Eggs benedict is a breakfast standby, but it can be high in fat and calories, thanks to the eggs and creamy Hollandaise sauce. Swap out the classic Canadian bacon for a crab in these Caribbean Crab Cakes Benedict and you have an all-American breakfast that’s lower in calories and saturated fat. 

Feeling a little bolder? Give Orange Maple Balsamic Salmon a try. It’s perfectly suited for breakfast with the orange juice and maple syrup glaze. Serve it with hearty roasted vegetables or sweet potatoes, and stay full and fueled until lunchtime.

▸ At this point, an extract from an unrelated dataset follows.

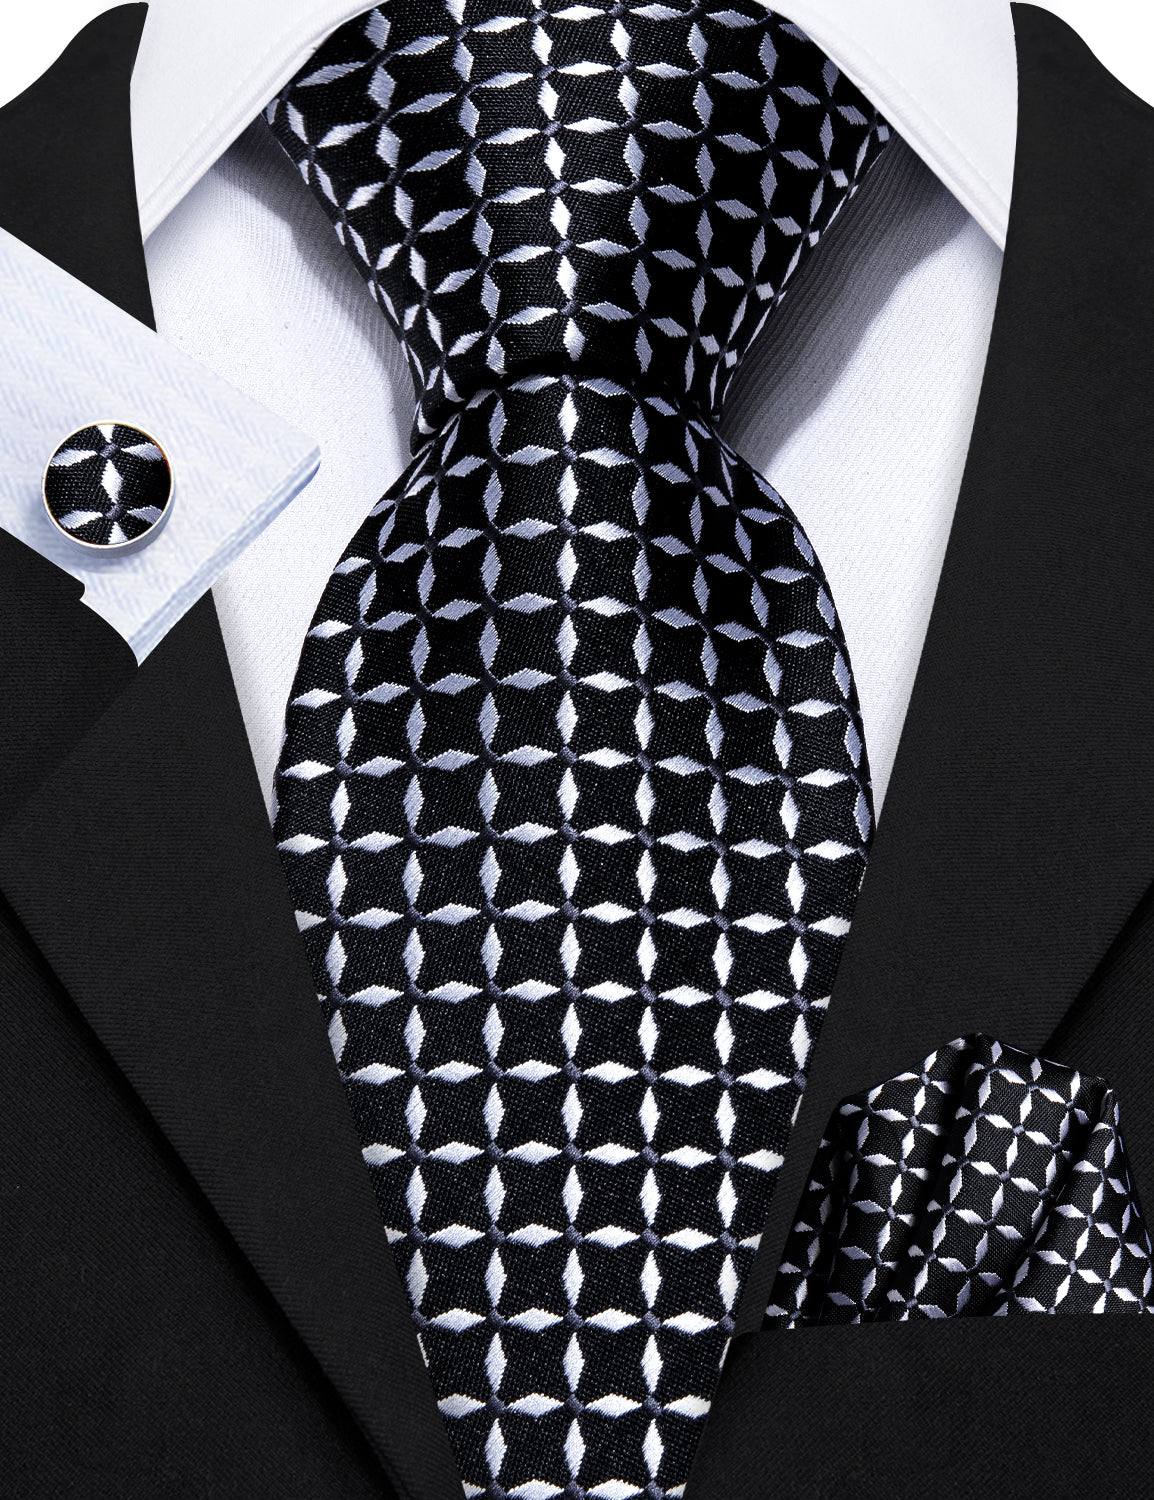 Barry.wang Black Tie White Plaid Silk Tie Pocket Square Cufflinks Set
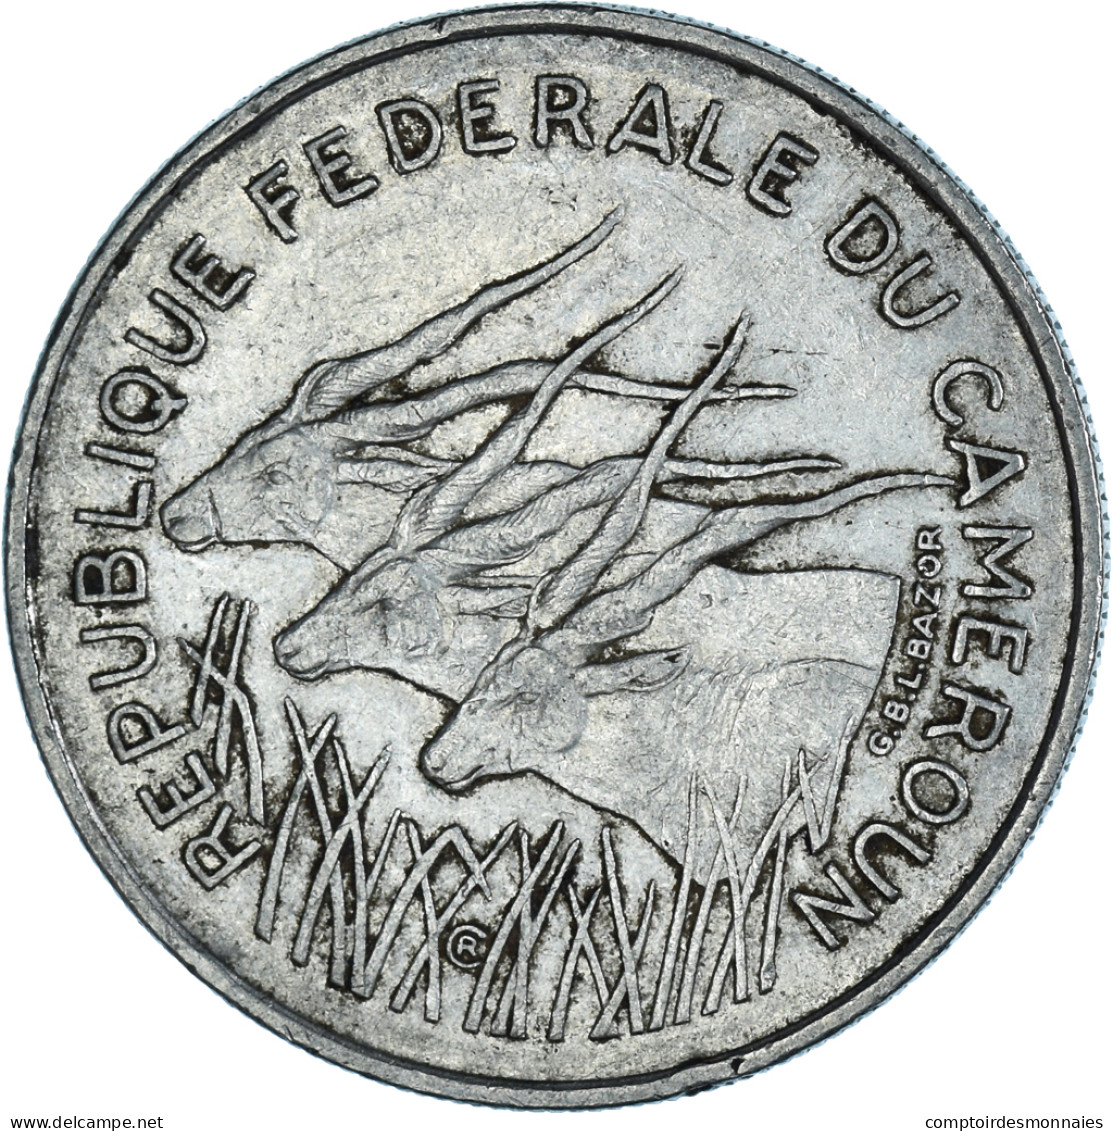 Monnaie, Cameroun, 100 Francs, 1971, TTB, Nickel, KM:15 - Cameroon

RELATED: More Reasons to Eat Seafood From Chef Barton Seaver

Shrimp and grits is a southern staple whether served for breakfast or dinner. We swapped out the grits for buttery creamed corn in our Creole Shrimp and Creamed Corn recipe. The shrimp mixture takes on bold flavors from the smoked paprika, thyme, and garlic—making for a robust mixture that’s complemented by the sweetness of the creamed corn. Aim for large shrimp here so the dish feels a little more special.

And if that’s not enough to reel you in, turn “breakfast for dinner” on its head by serving Blackened Tilapia Tacos with Basil-Lime Mayo, Chopped-Clam Pizza, or Sardine BLTs with Herbs and Lemon for breakfast. We promise you won’t regret it.